For what it is worth, I do not think there is necessarily widespread support for cohabitants having precisely the same rights as married couples. I do agree, however, there is a widespread misapprehension about common law marriage which needs to be addressed. This makes it all the more important that the differences across the UK are made plain.
Karen Wylie
Solicitor, Glasgow
Time for scrutiny of family decisions
I was interested to read about the secrecy under which family courts have operated for years. Is it time for there to be full scrutiny of judicial decisions by the public as in the Crown courts?
I sat frequently in the family court for 15 years as a recorder. Apart from the times that my judgments were challenged in the appeal court (and I have to say that I was far from satisfied on occasion that the findings against me were justified on the facts), there was no feedback whatsoever.
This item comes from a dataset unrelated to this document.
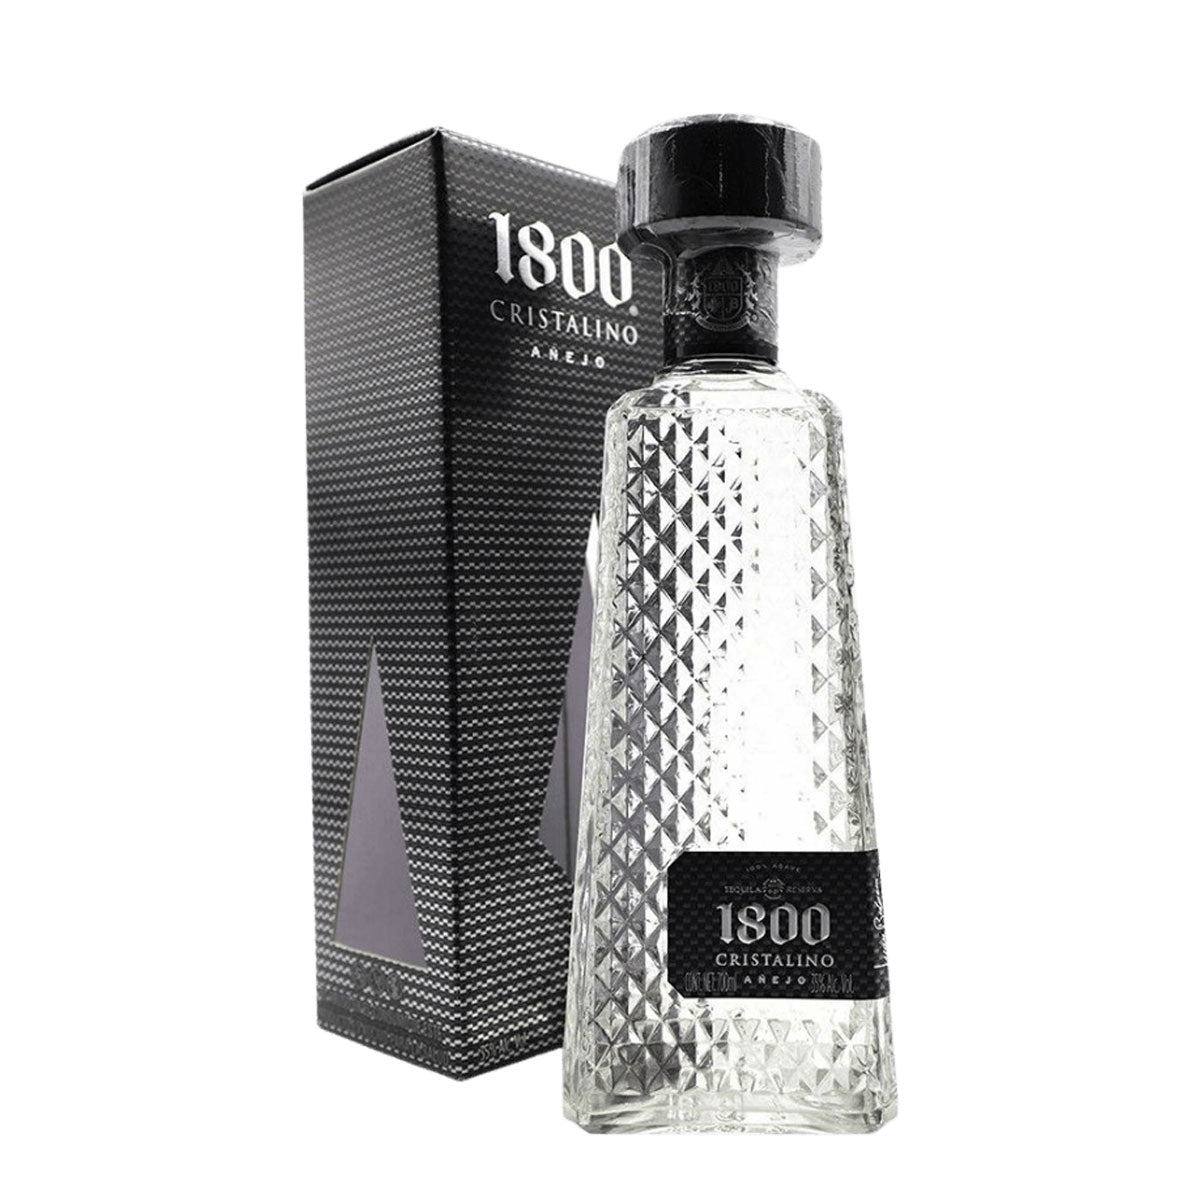 TAG Liquor Stores BC - 1800 Cristalino Anejo Tequila 750ml

Every now and then I suspected that someone from the justice department was observing me from the back of the court, but if so nothing ever came of it. The only other feedback I received was from a probation officer who at the conclusion of a case observed that I was ‘a safe pair of hands’.
There were times when I was crying out for someone to take me aside and, if necessary, criticise my approach, my behaviour in court toward counsel or witnesses, whether I was tripping over myself in giving the verbatim judgments that were expected of me – giving me the chance if necessary to improve.
Is it any wonder that left to one’s own devices in this way, there is a temptation to believe that one is always right, to develop without realising it bad habits, perhaps treating counsel rather arrogantly?
As a solicitor in practice dealing day in, day out in family problems, I could form my own sometimes critical appraisals of other judges’ behaviour, and admittedly learn from this when I sat myself. This was not enough.
It is a lonely existence out there and as a part-timer one does not have the luxury of a guaranteed full-time position – all the more need for helpful scrutiny which the public we are serving is currently denied.
John Greenwood
Retired recorder, Chippenham, Wilts
Retirement support
I was a sole practitioner but had the good luck to take on partners who continued the practice. I am currently a consultant so I should not be concerned about the Solicitors Indemnity Fund closing.
However, I am shocked that my sole practitioner colleagues are being left ‘in the lurch’. The Gazette has reported that the Solicitors Regulation Authority intends to pay the remaining funds to the Law Society.
I am still paying for my practising certificate and, as a member of the Society, would ask that it sets up a fund with the money received. This in effect will be a similar beast to the SIF. I would call on all other solicitors to ask for a vote on this.
After all, we are the Law Society and surely ought to support each other whether sole practitioners or partners in one of the giant firms, or something in between.
In addition, I would have no objection to paying an extra £10 a year to support colleagues who find themselves in the invidious position of worrying during their retirement in case a claim arises and they are unprotected.